Pharmacy benefit managers (PBMs) are directing patients towards more costly medications while restricting their options, according to a recent report from the House Committee on Oversight and Accountability.
The report, reviewed by the Wall Street Journal, is the culmination of a 32-month investigation by the committee in anticipation of a hearing featuring executives from major PBMs in the country.
PBMs serve as third-party administrators for prescription drug plans tied to health insurers, negotiating with pharmaceutical companies on the prices health plans pay for drugs. They also determine the out-of-pocket expenses patients face.
The three largest PBMs in the U.S.—Express Scripts, UnitedHealth Group’s OptumRx, and CVS Health’s Caremark—control about 80% of prescriptions filled.
Findings from the committee’s report suggest that PBMs establish preferred drug lists that favor higher-priced brand-name medications over more affordable options. For instance, the report references emails from Cigna staff that discouraged considering less expensive alternatives to Humira, an arthritis treatment costing $90,000 annually, despite a biosimilar being available at nearly half the price.
The committee discovered that Express Scripts informed patients that they would incur higher costs when filling prescriptions at local pharmacies compared to obtaining a three-month supply through its affiliated mail-order service, which constrained patients’ pharmacy choices.

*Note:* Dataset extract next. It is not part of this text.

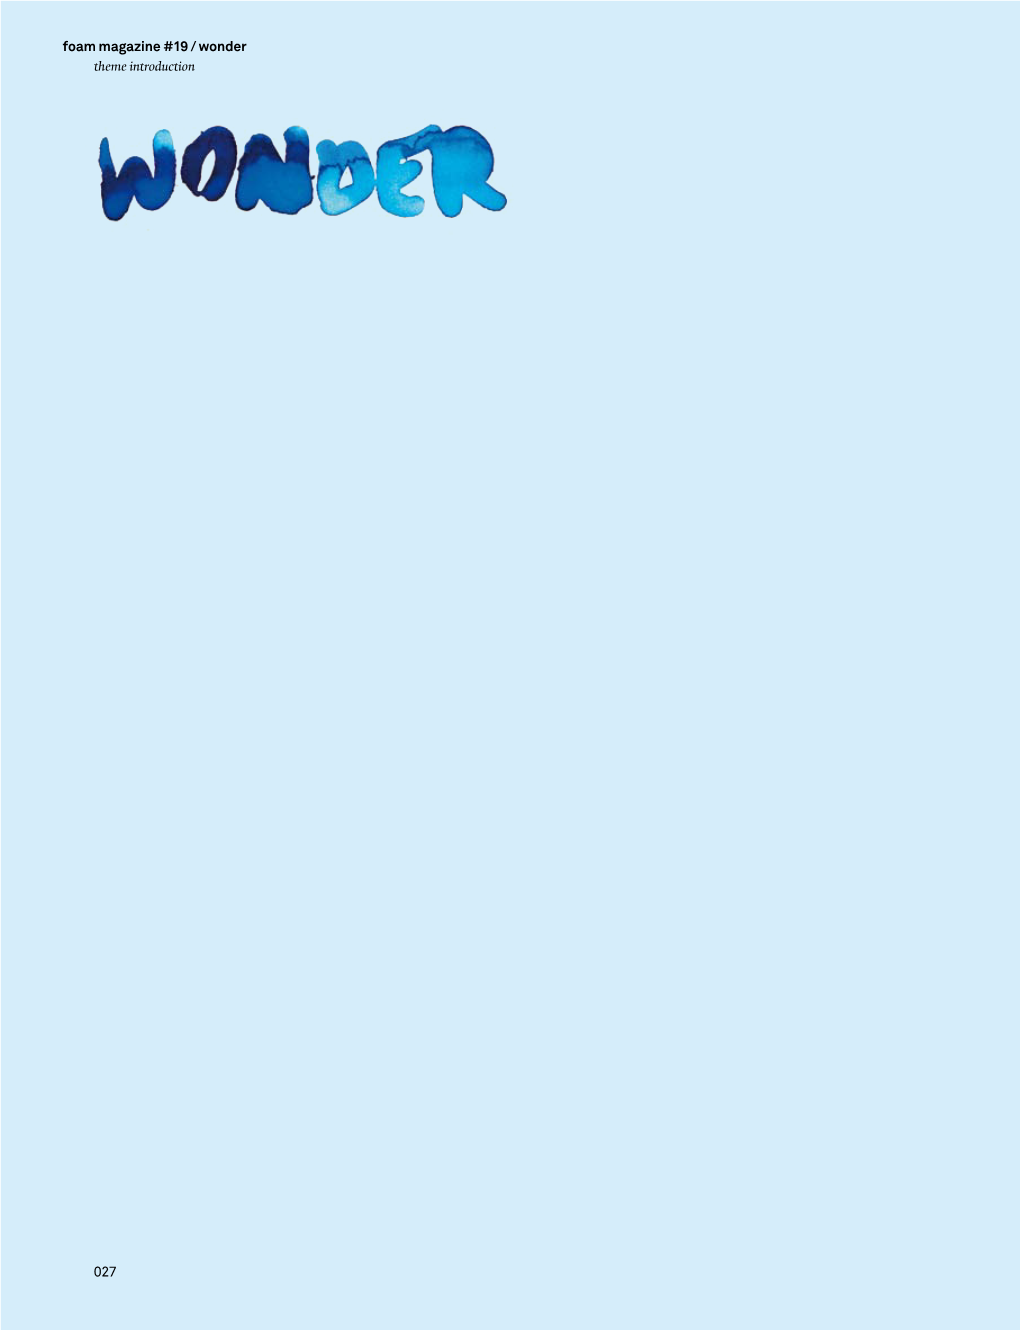 Foam Magazine #19 / Wonder Theme Introduction

Earlier this month, the U.S. Federal Trade Commission (FTC) released a related report highlighting that increased vertical integration among PBMs has enabled the largest six PBMs to manage nearly 95% of all U.S. prescriptions.
These findings raise concerns. The FTC indicated that leading PBMs wield substantial influence over Americans’ access to affordable prescription drugs, contributing to a system where “vertically integrated PBMs appear to have the ability and incentive to prefer their own affiliated businesses,” potentially disadvantaging independent pharmacies and driving up drug prices.
FTC Chair Lina M. Khan pointed out that the investigation revealed these intermediaries are “overcharging patients for cancer drugs,” leading to excess revenues exceeding $1 billion.